Wand: The laws of our land are stacked against us, although we are slowly pushing them in the right direction. Every battle brings us closer, like the Lady Liberty Headstone Project which lobbied the Veterans Administration so that Pagan Military Dead could be buried with headstones marked with Pagan religious symbols. Or the tax relief sought by the the Maetreum of Cybele, a monastic Pagan community in Catskill, New York, which wanted the same religious property tax exemptions as any other monastic house and faced discrimination. But the effort required is huge and expensive. It is not, like some religions, that we have a huge lobbying arm to enact or resist legislation. We may or may not want such a tool, but there are times when we need to wield one.

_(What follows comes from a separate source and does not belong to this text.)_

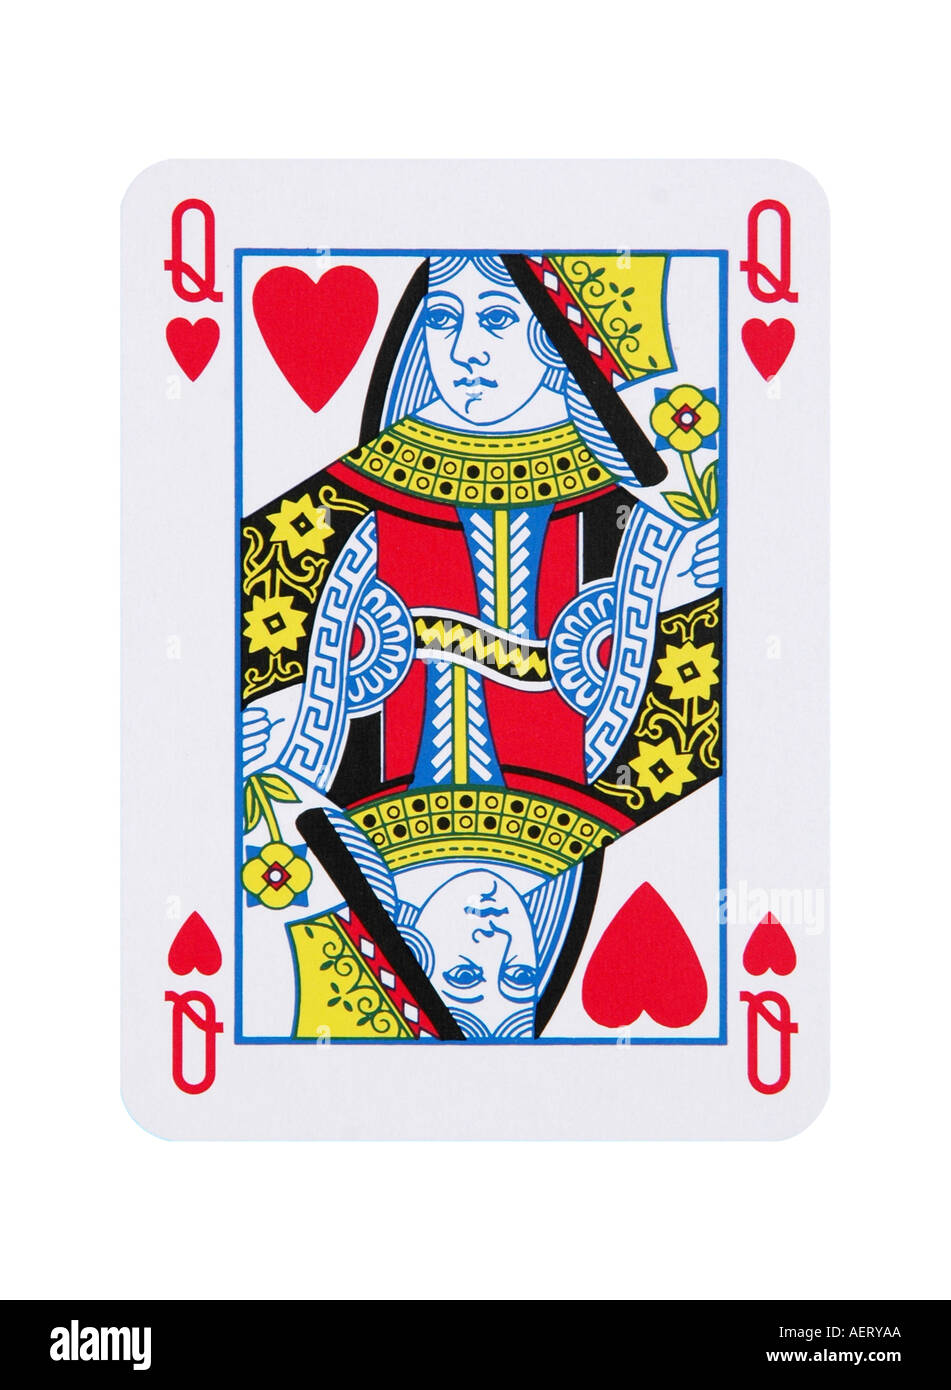 Queen of hearts card Stock Photo - Alamy

But the Coin is different. While not a sufficient condition for success, money is a necessary one. What makes each project successful is that it is sufficiently funded. What makes each organization stable and effective is its ability to handle money well. What makes organizations and other religions powerful is that they have the money to exert that power. And what gets those institutions the money to do their work, whether it is lobbying, or providing services, or education, or if religious, places and times for worship, and the ability develop, preserve, and expand the religious culture, is their ability to handle that money credibly.
The Coin is also a way to crystalize power and energy in a very material way. The Coin can be used move that energy through time (it can be saved and used later) and through space (it can be sent and spent elsewhere). It can aggregate the power of many into a single focus. Also, the laws around this are very well developed and we can use them for our benefit. In creating things like corporate governance (internal structure) and contracts (external relationships), we get to form and formalize the rules we wish to operate by within very capacious structures provided by the law. The courts uphold these agreements with vigor.
Talking is not enough for me. I have to build. The spirit of the ideas above have gone into the formation of the Pantheon Foundation, the California religious non-profit corporation the team and I have built and are building.
The structure we are building has two main dimensions, fiscal sponsorship and crowd sourcing. Ours is a religion of small groups, many of which could use the benefits of being a non-profit org, but find it hard to achieve and maintain. Since the work of establishing a 501c3 is so daunting and expensive, and the bookkeeping and institutional operations so demanding, we at the Pantheon Foundation want to solve the problem once and for all. Or at least for all those who want to work with us. We seek to become for our fiscally sponsored organizations, their ‘back-office’, handling the the money in and the bills out, all of the accounting, while providing the associated tax benefits of being a non-profit. Our model for this is the Tides Center, one of the largest fiscal sponsorship organizations in the country. We can also use our organizational status to provide insurance, the ability to sign leases, legal support, and other services. Our goal is to free you up to do your mission, while aggregating our collective power to accomplish what we can’t in our small groups. This model also lets us interfere with the sponsored groups as little as possible. Our focus is on handling the money correctly, and we’ll be a bit rigid about that. How your run your group is up to you, within very broad non-profit limitations.
The crowd sourcing dimension is how we will, at least in part, fund some of our initiatives like scholarships and hospice or care of the ill. We will run campaigns where folks can contribute and aggregate your Coin-power to help those who will be serving the community or are members of the community in need. Other projects can be read about on our website.
Institutions, like much of life, are what we make of them. We can design and build institutions that embody our values and that preserve our values across the generations. The Pantheon Foundation is one effort. There are many others which we at the Foundation hope to collaborate with to bring into being a Pagan future.